Univ. of Minn. looks to improve cardiac arrest survival

- Sudden cardiac arrest victims who used to get pronounced dead at the scene can live and thrive, according to a study by the University of Minnesota Health.

The study, published in the Journal of the American Heart Association, claims half of patients suffering a type of cardiac arrest, called ventricular fibrillation, survived during the study’s three-month period. Ventricular fibrillation victims don’t respond to repeated shocks.

“We said if this population that does not come back with multiple shocks comes early to the cath lab, with ongoing CPR, we might have the ability to rescue these patients,” said Dr. Demetris Yannopolous, the chair of the Minnesota Resuscitation Consortium at the University of Minnesota.

In the study, Dr. Yannopolous trained emergency medical services at North Memorial Ambulance Service, St. Paul Fire, and Ridgeview EMS systems. The EMS organizations were taught to identify patients not responding to shocks. These patients were then attached to a machine that provides mechanical CPR, and brought to the University of Minnesota’s cath lab. Half survived.
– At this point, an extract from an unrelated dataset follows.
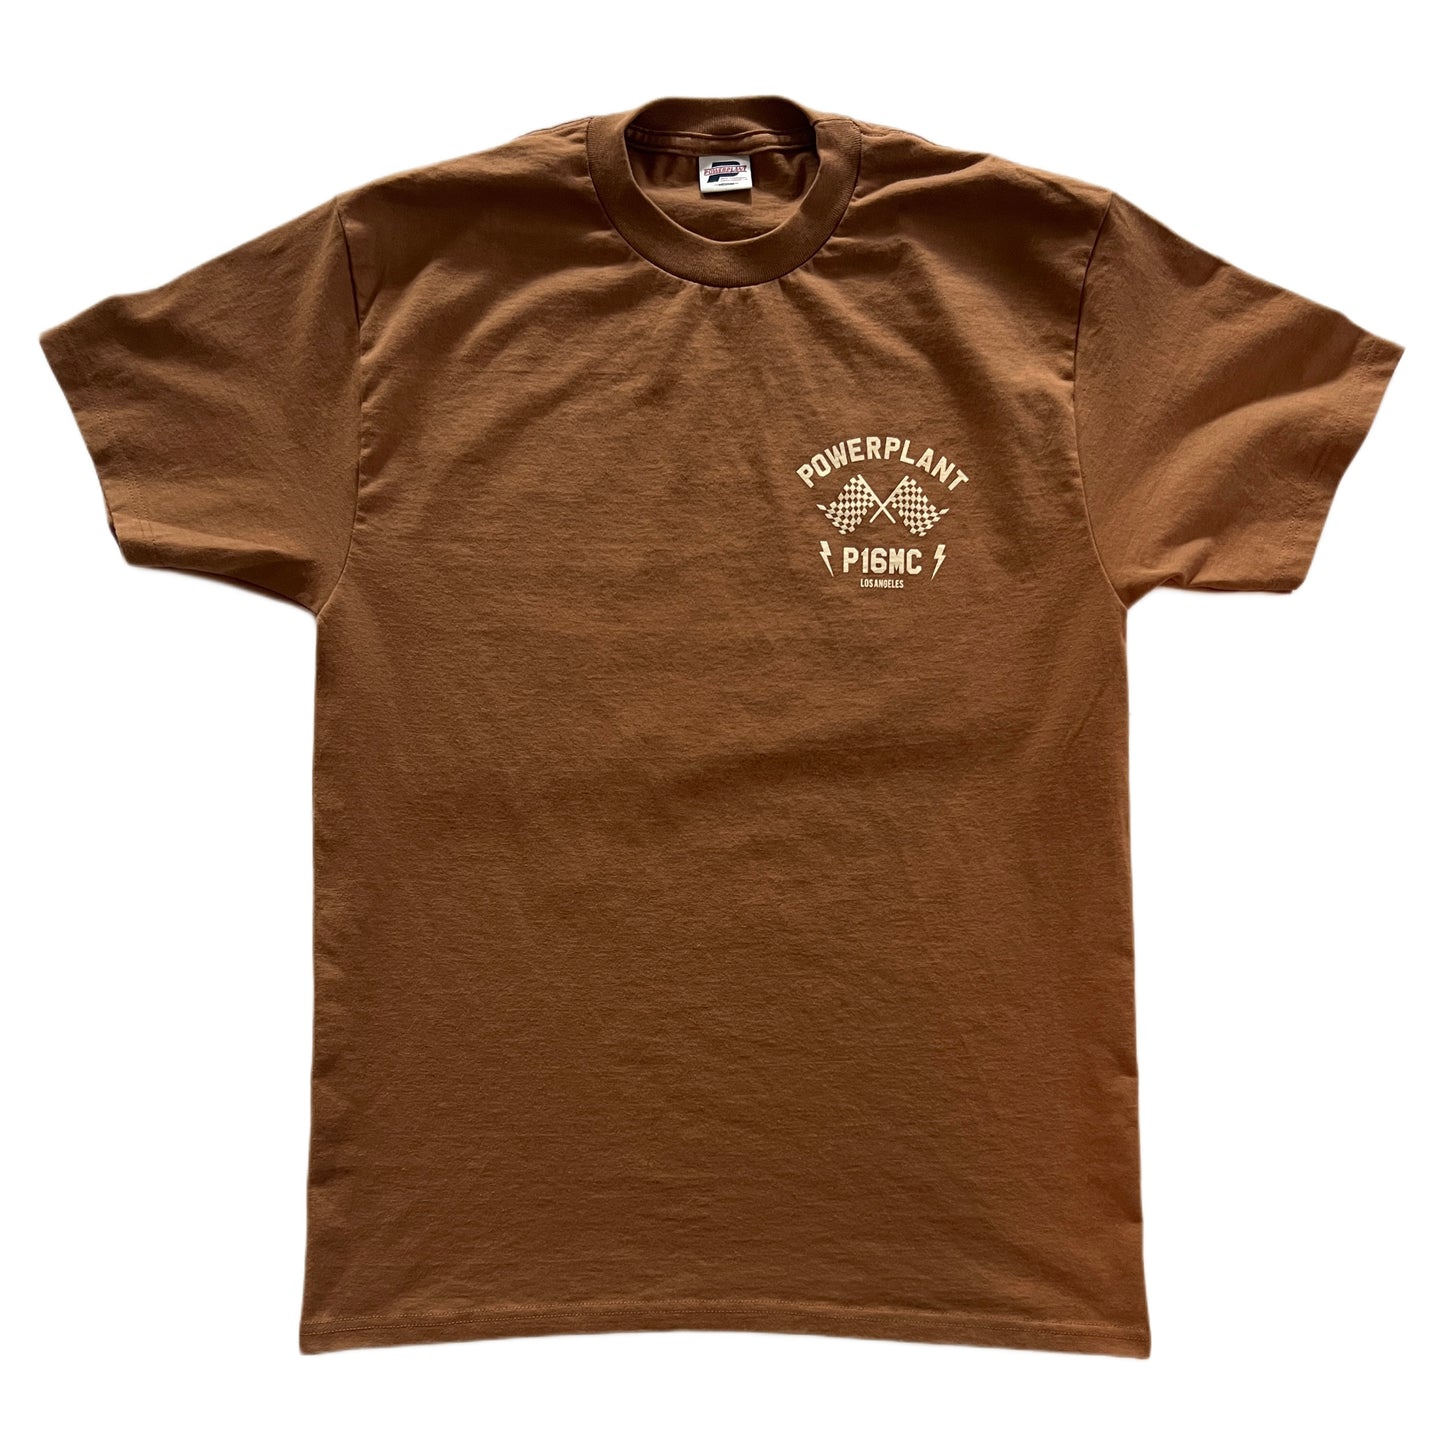 Powerplant Racing Flags Shop Classic S/S TEE - BROWN W/Offwhite Ink

“What we’ve already done is establish the effectiveness of the therapy. Now, I’m training the next generation,” Dr. Yannopolous told Fox 9.

Nationally, cardiac arrest kills more than 90-percent of its victims. In Minnesota, it kills 85-percent. In Hennepin County, the percentage gets lower. The Twin Cities is already a nationwide leader in responding to cardiac arrest, and Dr. Yannopolous believes his study can significantly raise the survival rate by quickly identifying those not responding to shocks.

“The idea is we bring them in, we take over circulation, heart function and lung function. That gives us time to deal with a problem that is reversible,” Dr. Yannopolous said. “And the heat now has the ability to restart.”

On Monday evening, survivors in the study had a chance to meet with their doctors and rescuers.

“Thank you doesn’t seem like big enough word. I just feel very blessed to be in their presence,” Audrey Baumtrog, one of the survivors, told Fox 9.

Cardiac arrest is the term used to describe when the heart stops. It can be caused by a heart attack or other problems.